_Brief_. Would you transcribe the whole listing exactly, minus its pictures?

_Collected data_.
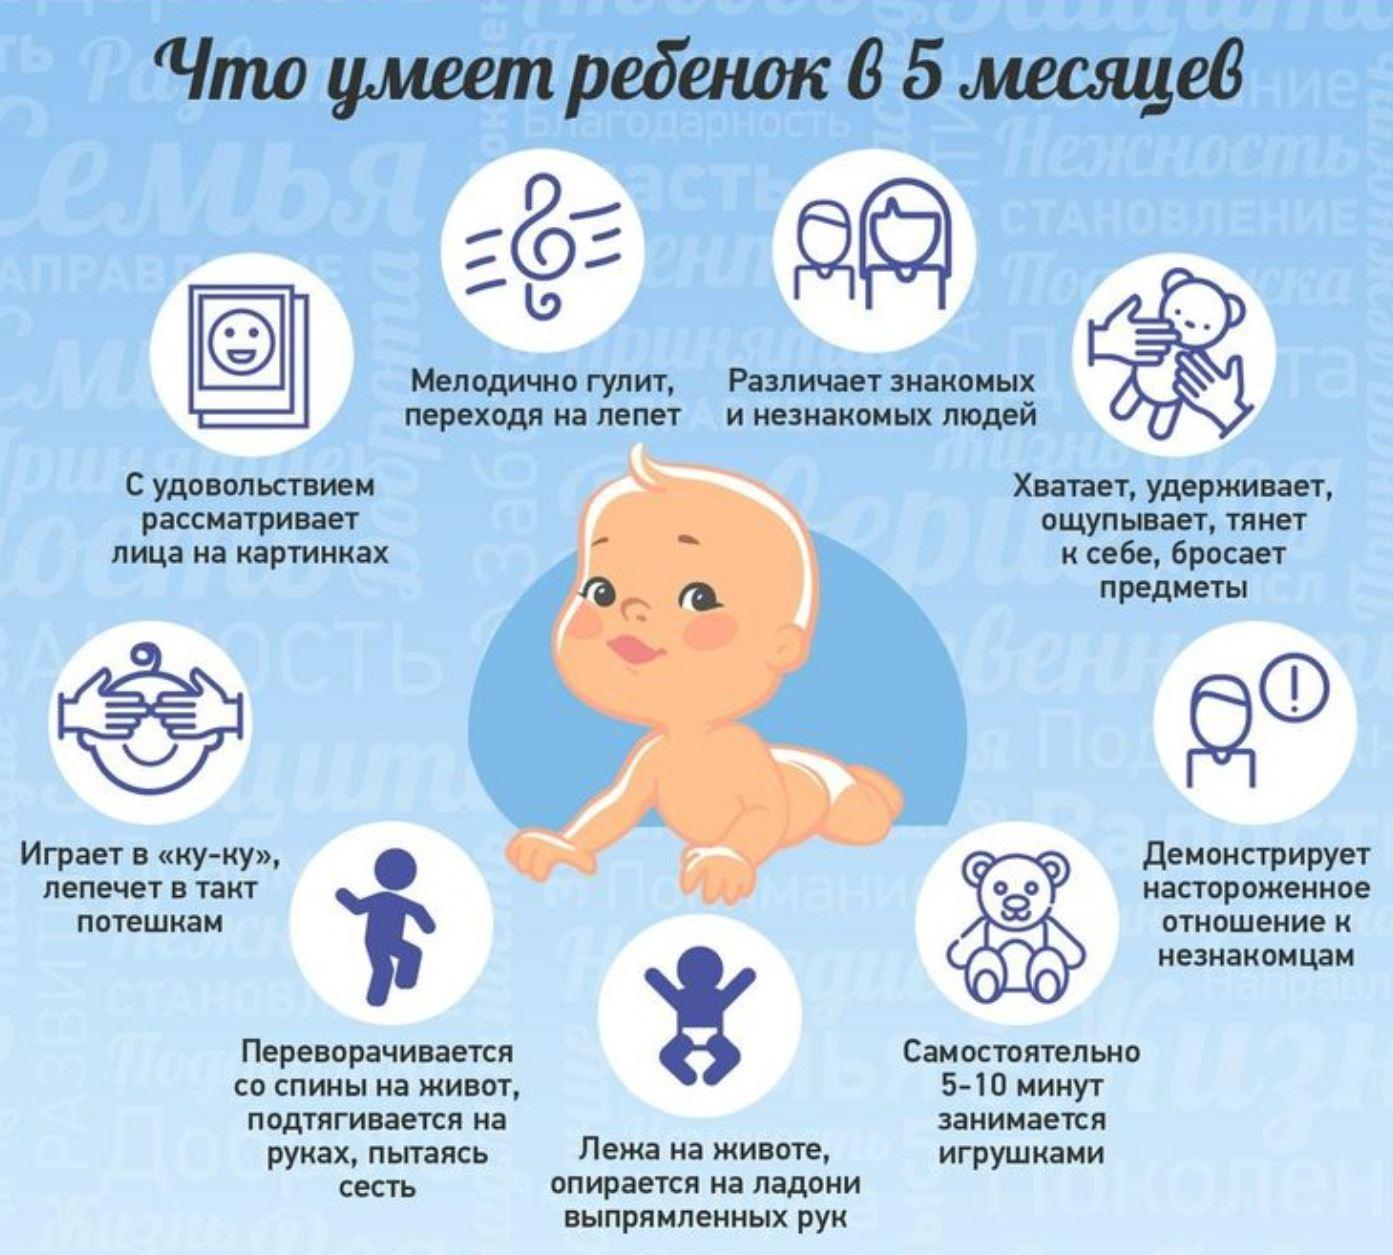 Что умеет ребенок в 5 месяцев
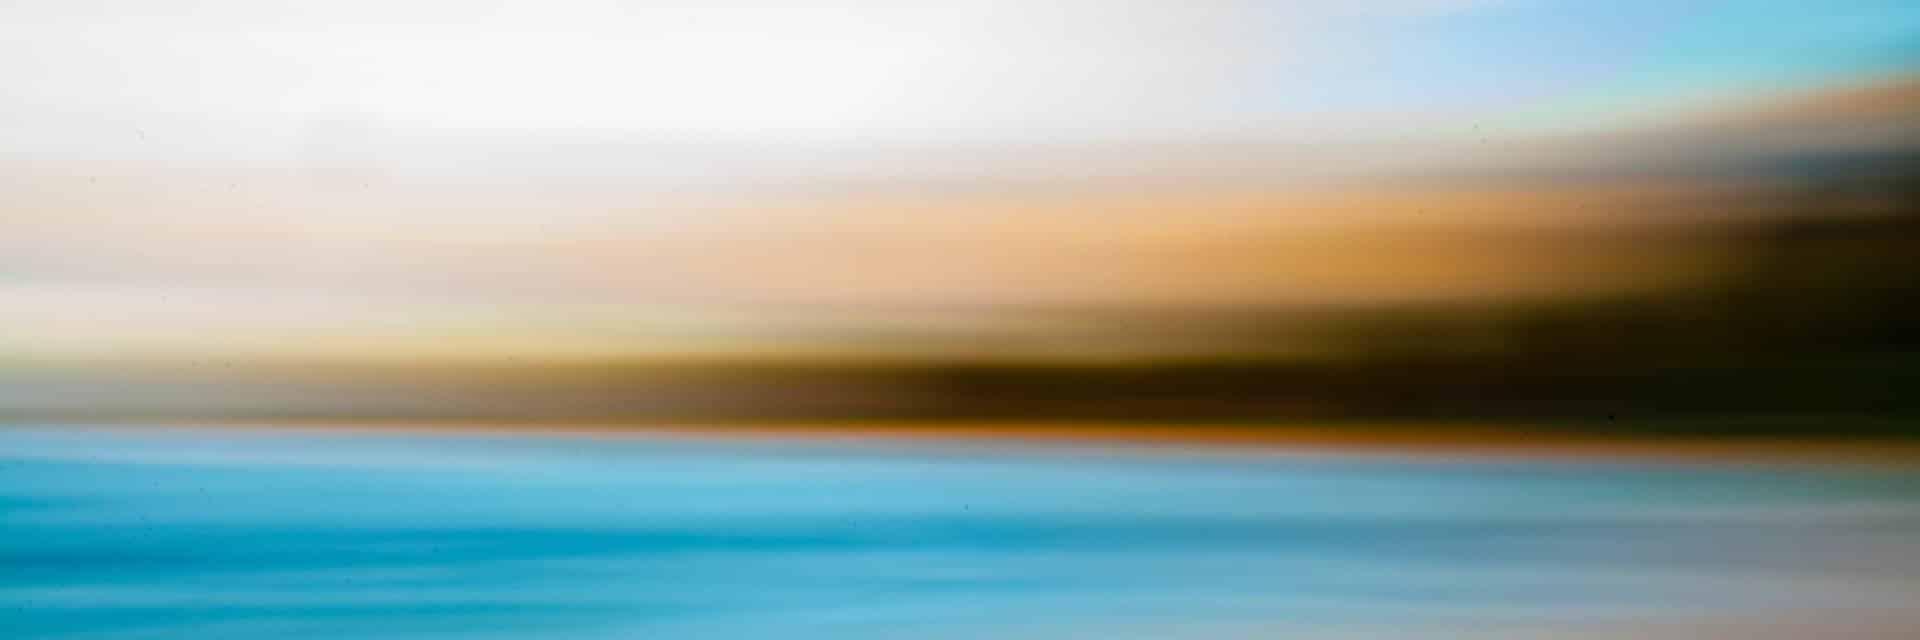 Burnoutside. Blog von Roland Tischberger
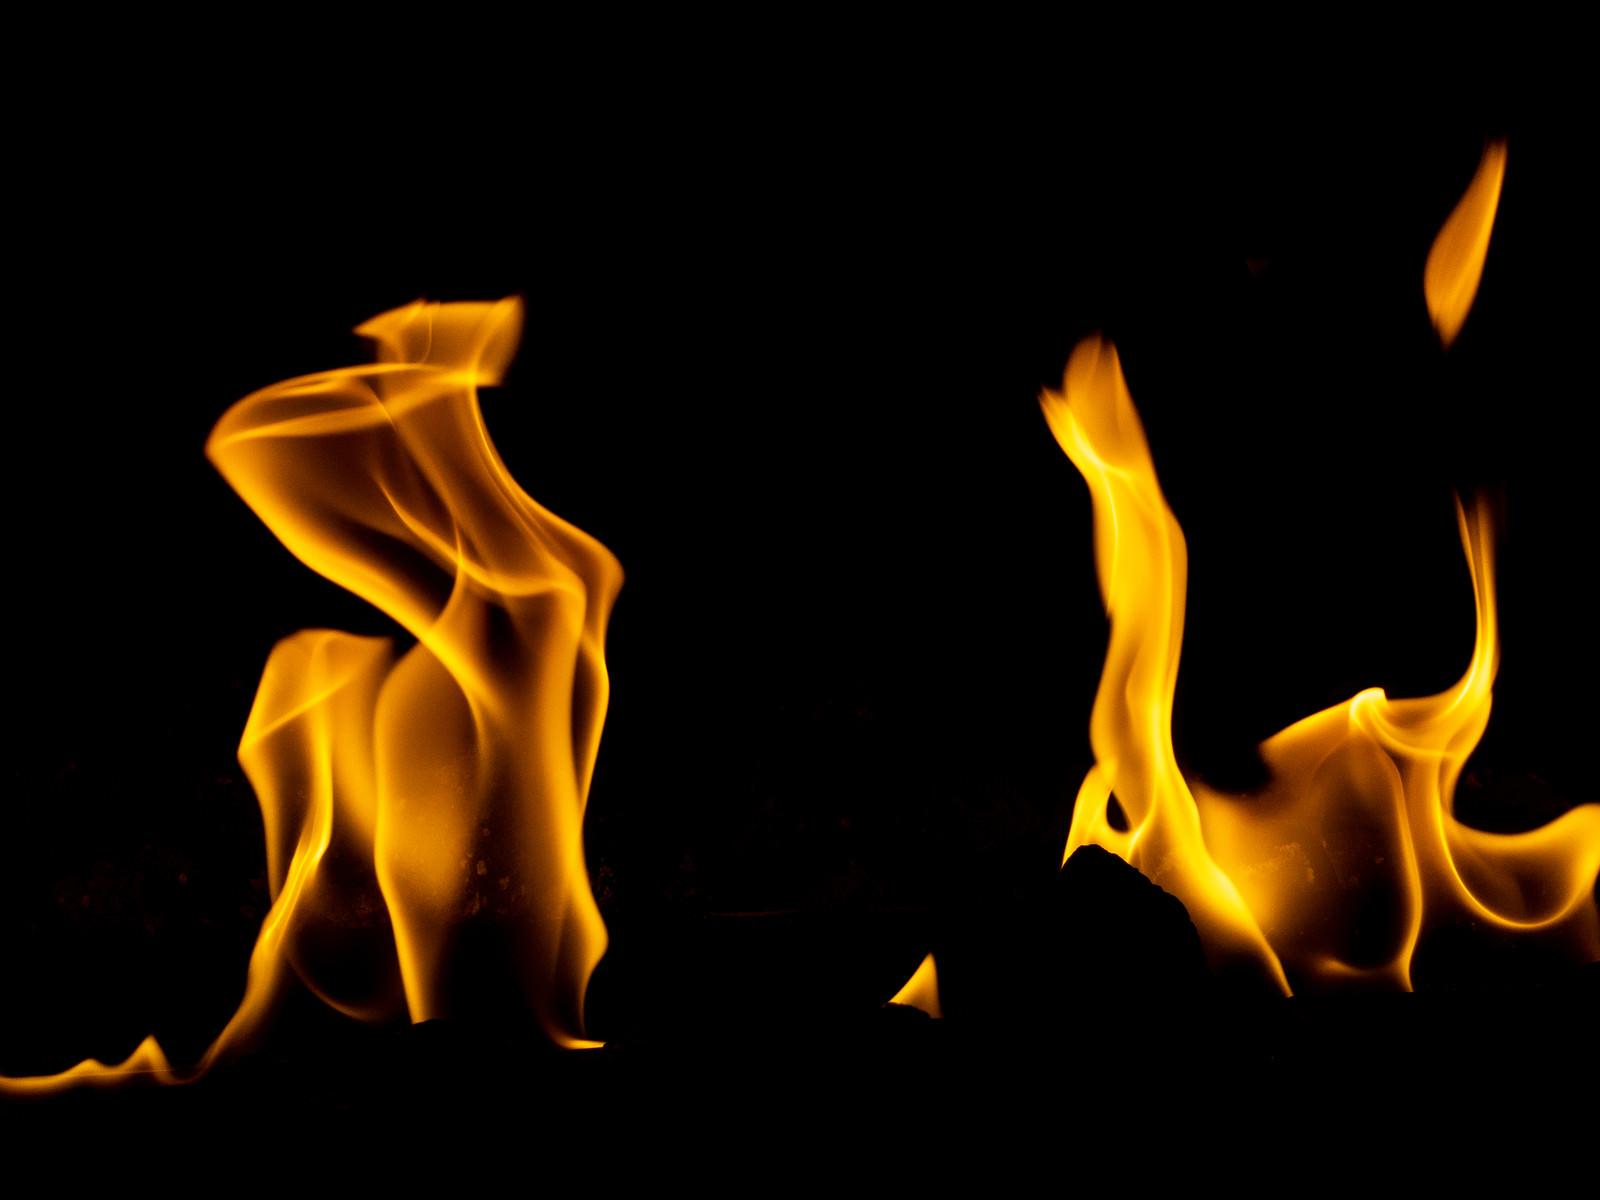 「よく燃える暖炉の火」の写真

_Response to this exercise_.
 Что умеет ребенок в 5 месяцев
 Burnoutside. Blog von Roland Tischberger
 「よく燃える暖炉の火」の写真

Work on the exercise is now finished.